Once a month, he met with individual citizens, many from lower-income neighborhoods, and pledged to wield his "strong mayor" powers to address their grievances, including zoning problems, barking dogs and questionable police practices.

He also had big, if unrealistic, dreams: a binational Olympic Games with Tijuana; city buildings converted to solar power; a waterfront dedicated not to tourist hotels but to providing middle-class blue-collar jobs. Many of his larger plans were undercut by lack of time or a lack of follow-through when the rhetoric of campaigning gave way to the hard grind of governing.

He promised to fight hotel chains to force them to raise the pay of maids and bellhops. City Council President Todd Gloria, whose mother was a hotel maid, hoped to join Filner in that effort, but Filner's abrasive, dismissive behavior drove a wedge between the two. Now Gloria is acting mayor until a successor is elected.

All of Filner's plans came crashing down with a swiftness that has no precedent even in a city accustomed to political turmoil.

The events that forced Roger Hedgecock's ouster as mayor in 1985 took more than a year and a half to play out. The controversy that led to Dick Murphy's decision in 2005 to resign had simmered for a year.

But for Filner, it was six weeks from the first allegation of sexual harassment to the negotiated deal with the City Council to trade his resignation in exchange for the city picking up the bill for his legal defense in a lawsuit filed by a former staff member.

After the council's 7-0 vote Aug. 23 to accept the deal, council members took turns blasting Filner for his conduct toward women and for allegedly leading the government into paralysis and national scorn.

Councilwoman Marti Emerald, who had been one of the last to call for Filner to resign, took a different approach — saying that the forced resignation should not be cause for celebration. Filner's agenda for change, she said, should not be abandoned.

"While I believe the right decision has been made," said Emerald, a former television reporter, "I've known Bob Filner for 30 years and what a champion he has been."
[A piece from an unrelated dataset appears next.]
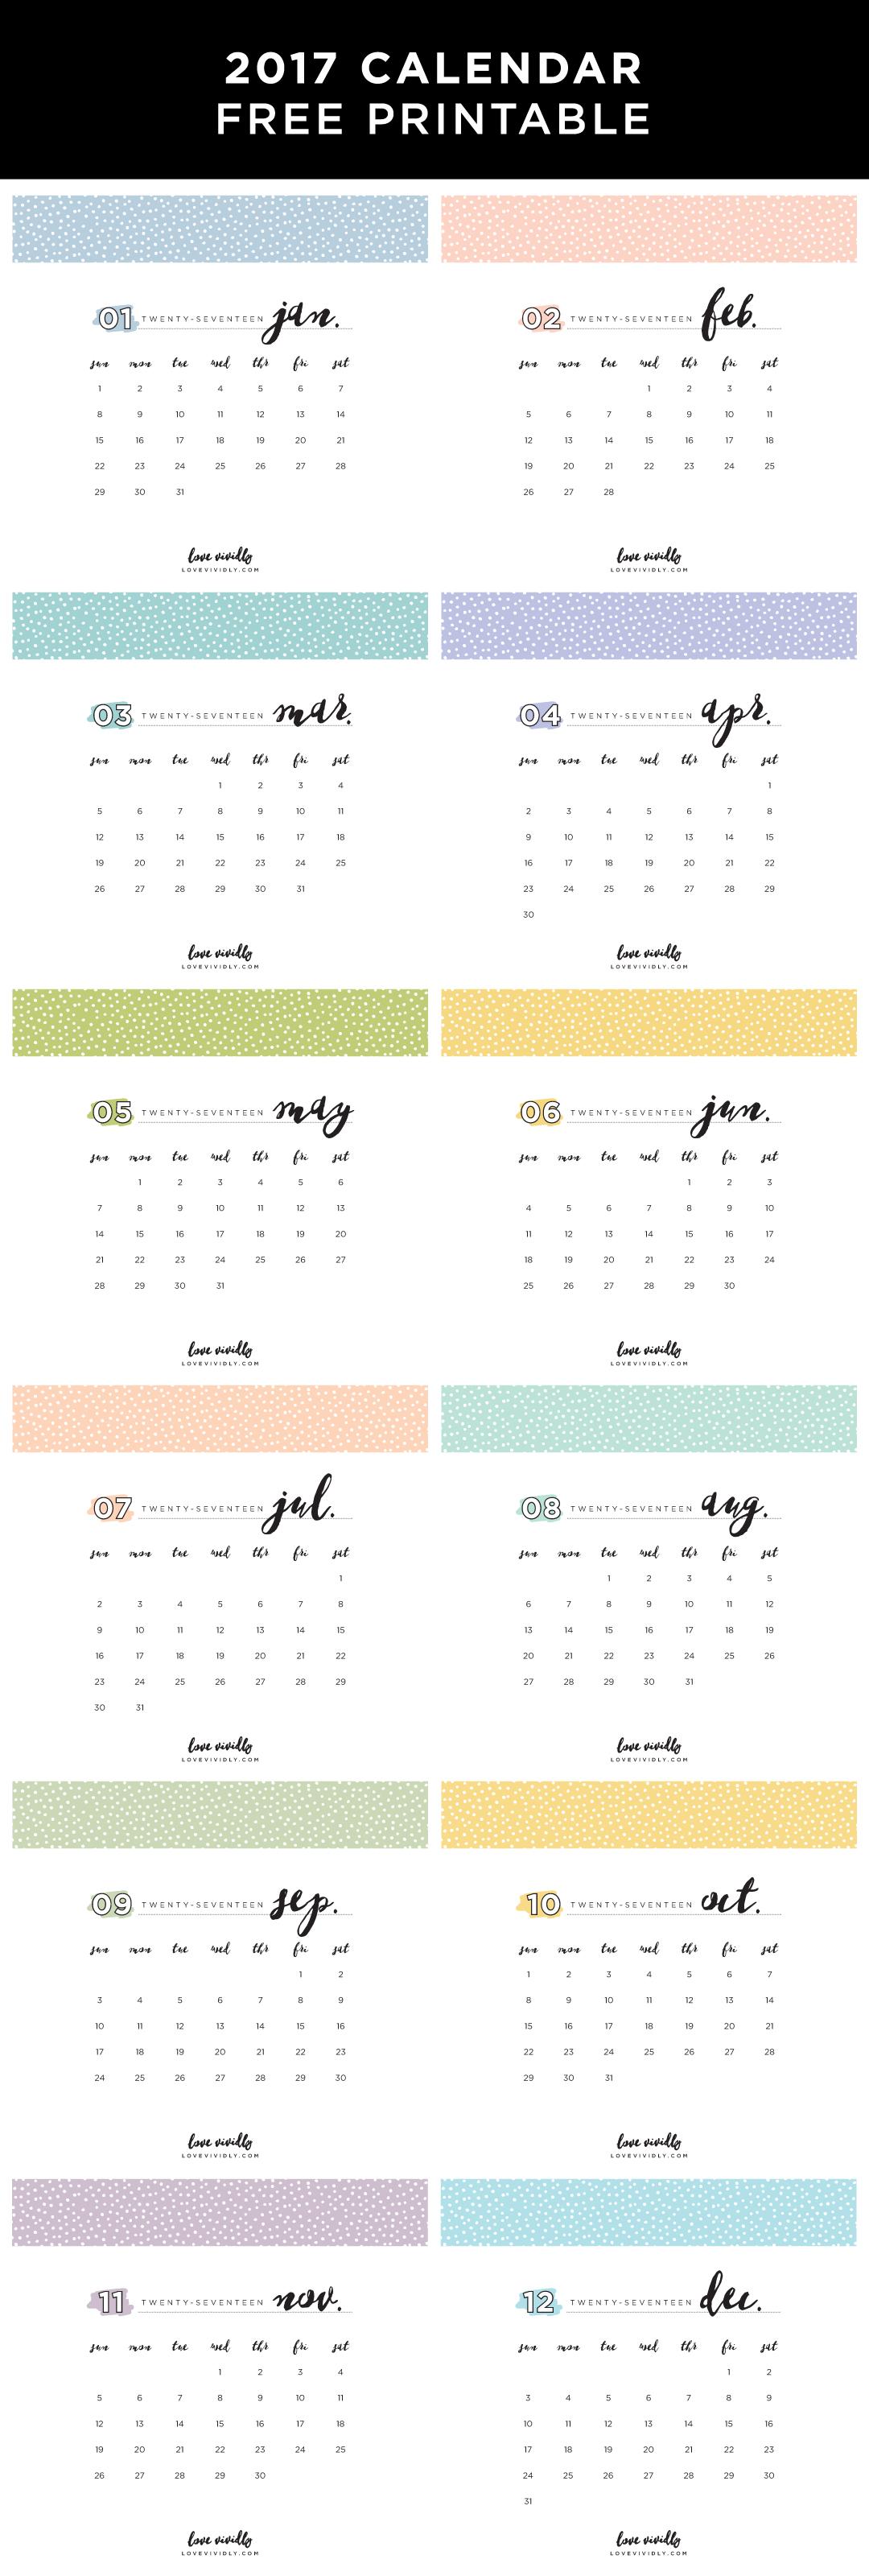 Calendar Free Printable Selling On Etsy

When he was on the City Council, before being elected in 1992 to the U.S. House of Representatives, the city was still run by a city manager. Voters dumped that system in 2004. Filner was the second mayor to inherit authority over city departments and veto power over council actions.

"I don't have to ask anybody, no more city manager," he said after a few months in office. "I just can tell people to do things, and they get done."

To protect the seals, Filner had ordered a rope barrier, closure of the Children's Pool beach at night, and then installation of a 24-hour surveillance camera. The pro-seal faction was happy, but those who feel the beach belongs to people, not the seals, were not.

In June he cut through the bureaucratic/environmental stalemate that had allowed a build-up of guano on the rocks in La Jolla. He hired a firm to scrub the rocks. A second washing is due in weeks.

After the council approved the deal that included his resignation, Filner listed seal protection and guano cleanup among his achievements.